CASE REPORT


https://doi.org/10.5005/jp-journals-10019-1259
International Journal of Prosthodontics and Restorative Dentistry
Volume 10 | Issue 2 | Year 2020

Retrofitting of a Fixed Dental Prosthesis after Fracture of an Abutment during Final Cementation


Wan Yi Lim1, Pravinkumar G Patil2

1International Medical University, Kuala Lumpur, Malaysia
2Department of Prosthodontics, Division of Clinical Dentistry, School of Dentistry, International Medical University, Kuala Lumpur, Malaysia

Corresponding Author: Pravinkumar G Patil, Department of Prosthodontics, Division of Clinical Dentistry, School of Dentistry, International Medical University, Kuala Lumpur, Malaysia, Phone: +60 1135022042, e-mail: pravinandsmita@yahoo.co.in

How to cite this article Lim WY, Patil PG. Retrofitting of a Fixed Dental Prosthesis after Fracture of an Abutment during Final Cementation. Int J Prosthodont Restor Dent 2020;10(2):83–86.

Source of support: Nil

Conflict of interest: None

ABSTRACT

The success of the endodontically treated tooth is highly dependent on the quality of the coronal restoration. The placement of a post is recommended if the total amount of the residual tooth structure is not sufficient to support a core made of a plastic material. Even though uncommon, there might be possibility that patients came with a fractured core during the session of bridge cementation. Retrofitting the crown or bridge on a fractured core might be a better option, and various practitioners had performed this method successfully. This technique explains the production of vacuum-formed thermoplastic template adapted on a die stone master cast to make up the composite resin core of fractured tooth in the original shape.

Keywords: Fixed prosthodontics, Prosthodontic management, Retrofit dowel..

BACKGROUND

The success of the endodontically treated tooth is highly dependent on the quality of coronal restoration. The restoration might be composite, onlay, or crown depending on the tooth location and the remaining tooth structure available.
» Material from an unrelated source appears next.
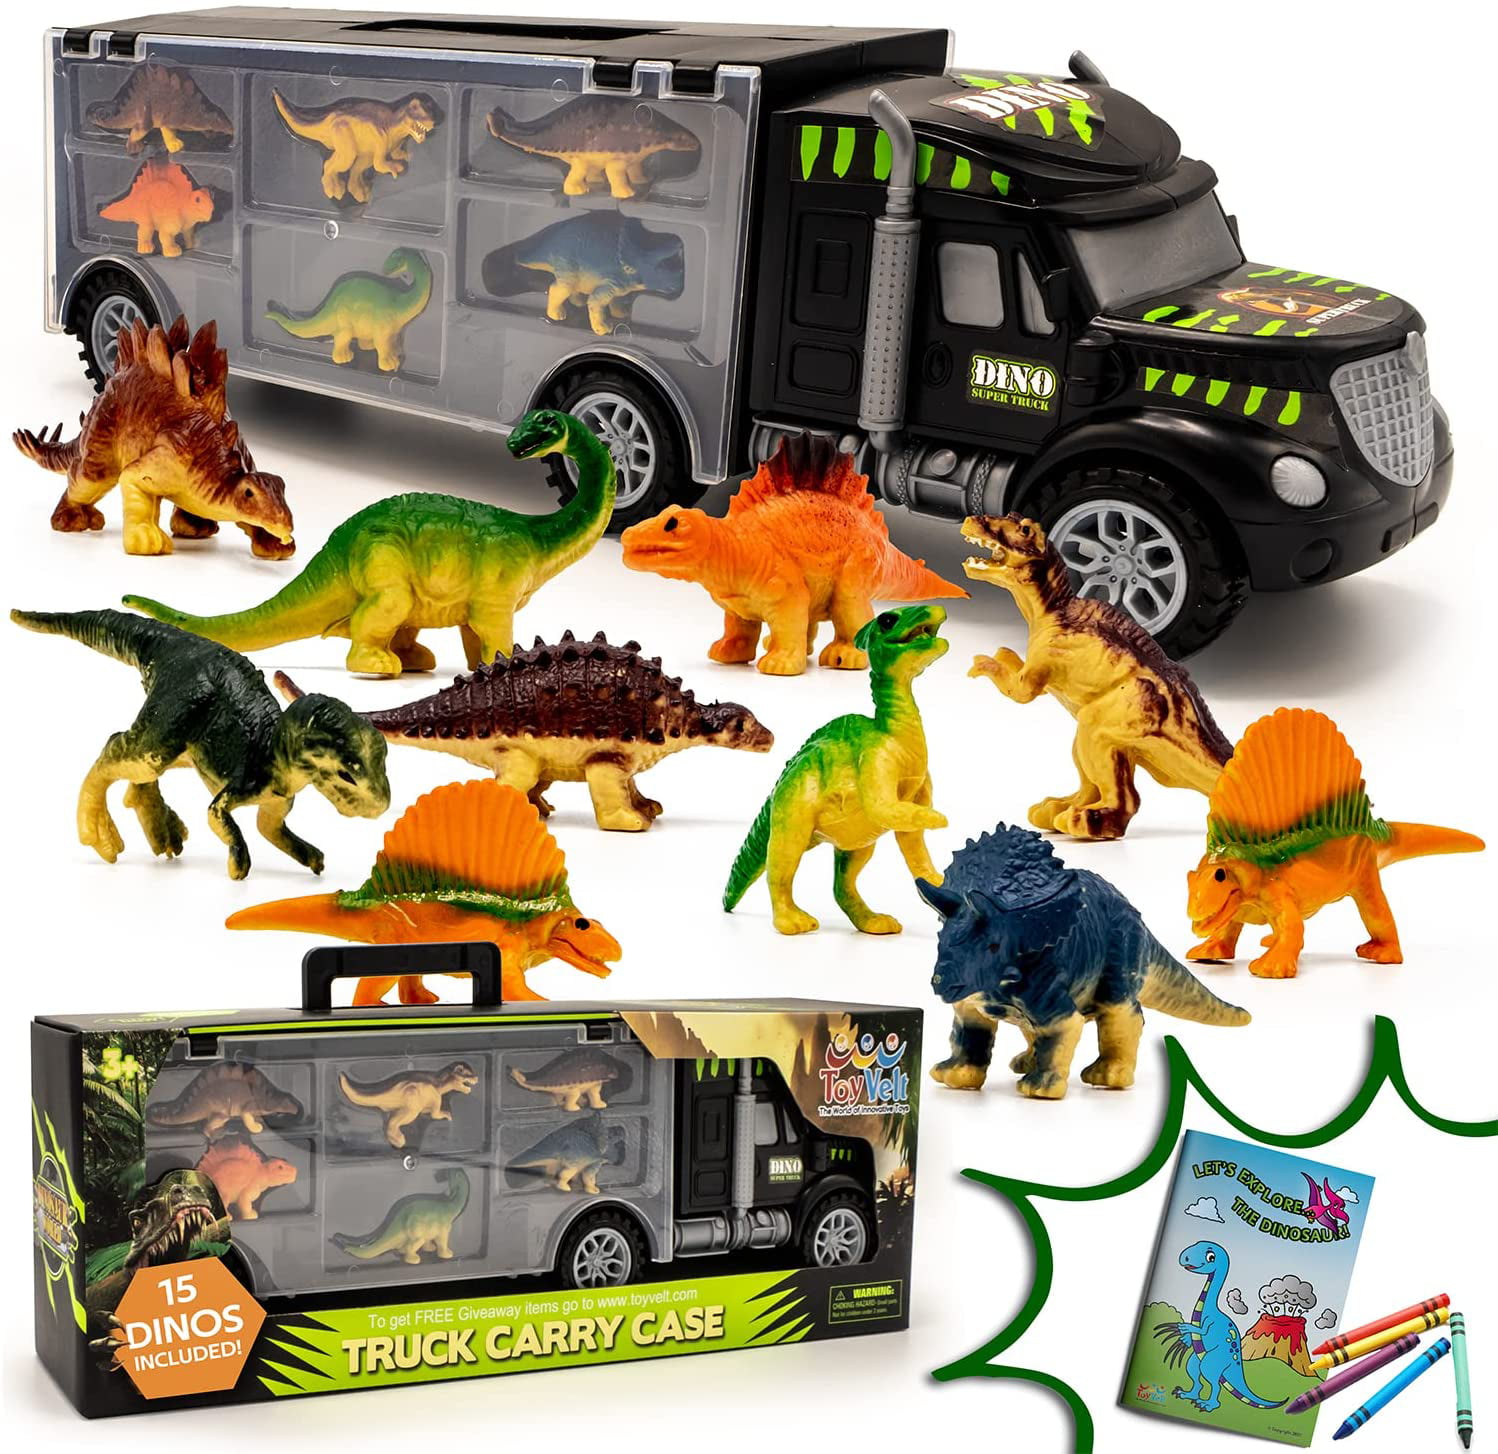 Dinosaur Toys with Truck Carrier Jurassic World Dinosaur Toys with 6 Dinosaurs 6 Animals and Double Sides Storage Truck Car Toys Jurassic Dinosaur Toys Gift for 3 4 5 6 7 Years Old Boys Girls

The placement of a post is recommended if the total amount of the residual tooth structure is not sufficient to support a core made of a plastic material.1 Even though uncommon, there might be possibility that patients came with a fractured core during the session of bridge cementation. This might be due to several causes, including debonding of composite and trauma. An option of refabricate the core with a new impression and a new crown fabrication is available. However, this method is financially demanding and time-consuming. Retrofitting the crown or bridge on a fractured core might be a better option, and various practitioners had performed this method successfully.2 This technique explains the production of vacuum-formed thermoplastic template adapted on a die stone master cast to make up the composite resin core of fractured tooth in the original shape.

CASE DESCRIPTION

A 24-year-old healthy Chinese male patient presented with fractured temporary bridge and tooth one day prior to appointment of bridge issue (Fig. 1). The patient is worried and hope to save the tooth. Patient had no medical history, and there is no symptom for teeth 11 and 13 after root canal treatment. On examination, teeth 11 and 13 are not mobile, probing shows no pocket and no tender to percussion nor palpation. However, there is slight gingival hypertrophy at the proximal face of teeth 11 and 13. Tooth 11 was fractured with sound dentin height of around 3 mm from the margin of tooth preparation. Before giving treatment options, some investigations were carried out to exclude any root fracture, caries, and contravention of the biologic width due to trauma or damage to the supporting tissues.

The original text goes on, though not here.